Purpose of the Study:
- To develop an optimal task assignment policy for SAEVs.
- To enhance the operational efficiency and user satisfaction of AMOD systems.
- To formulate and solve the fleet dynamic operating process as a multi-agent multi-task dynamic dispatching problem.
Main Methods:
- Formulation as a Markov Decision Process (MDP).
- Recharging and delivery tasks modeled as maximum weight matching problems (Kuhn-Munkres Algorithm).
- Repositioning tasks modeled as a maximum flow problem (Edmond-Karp Algorithm).
- Integration of a novel reward function and a Back Propagation-Deep Neural Network for state-value estimation.
Main Results:
- A reward function balancing income and satisfaction increased revenue by 33.2%.
- Task allocation repositioning boosted total revenue by 50.0%.
- An improved state-value function led to a 2.8% revenue increase.

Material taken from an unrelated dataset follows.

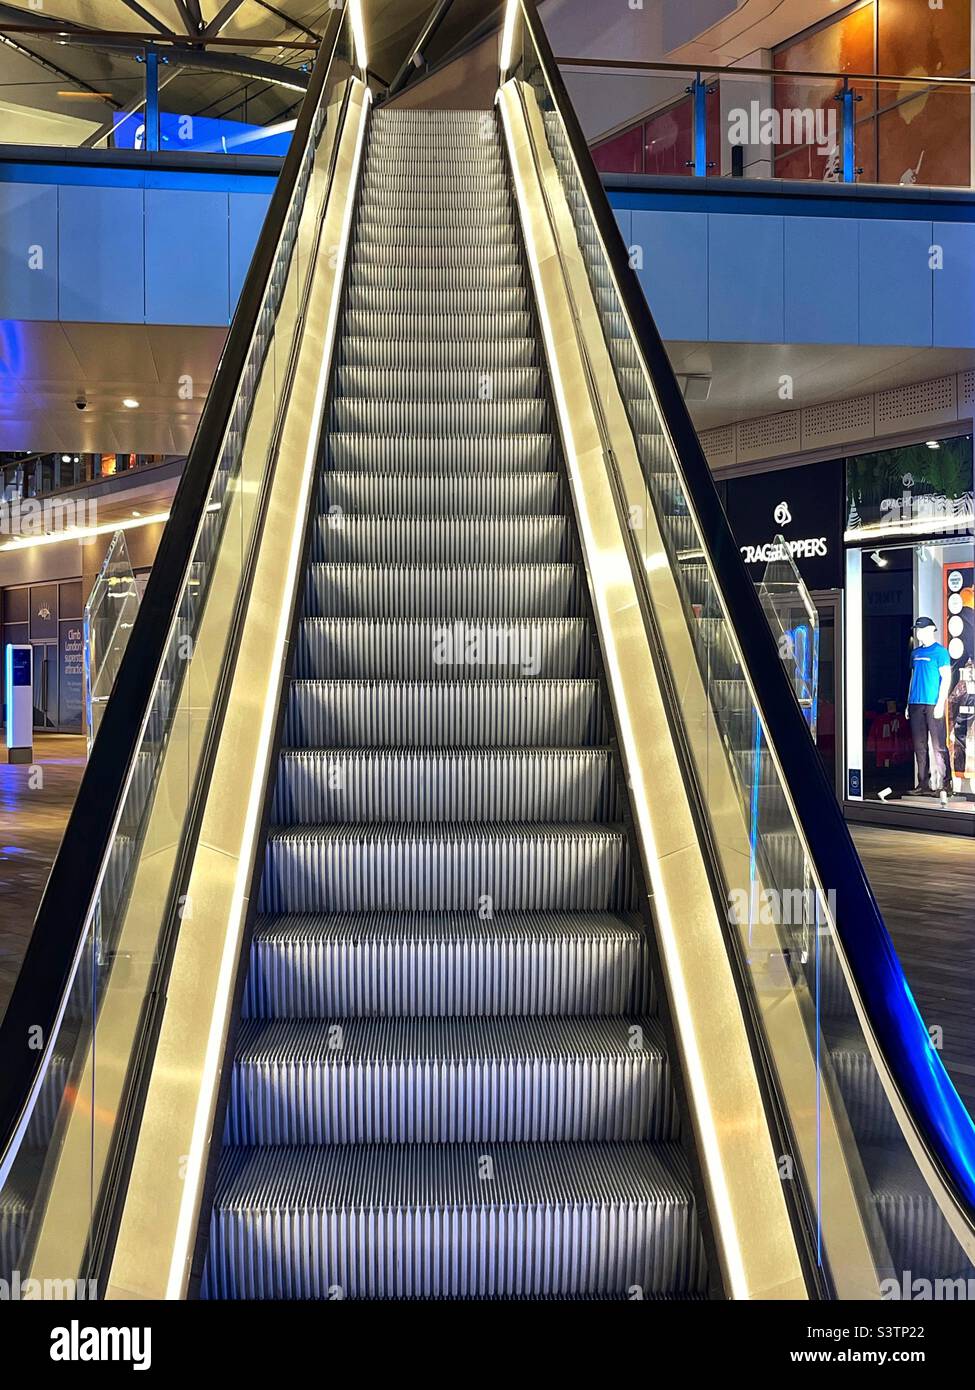 Escalator in a shopping centre illuminated by footlights. No people. Stock Photo

- Combined charging and repositioning strategies significantly reduced user waiting times and improved satisfaction.
Conclusions:
- The proposed MDP-based approach effectively optimizes SAEV fleet operations.
- Balancing economic factors with user experience is key to AMOD success.
- Advanced algorithms and AI enhance the performance and user-centricity of autonomous mobility services.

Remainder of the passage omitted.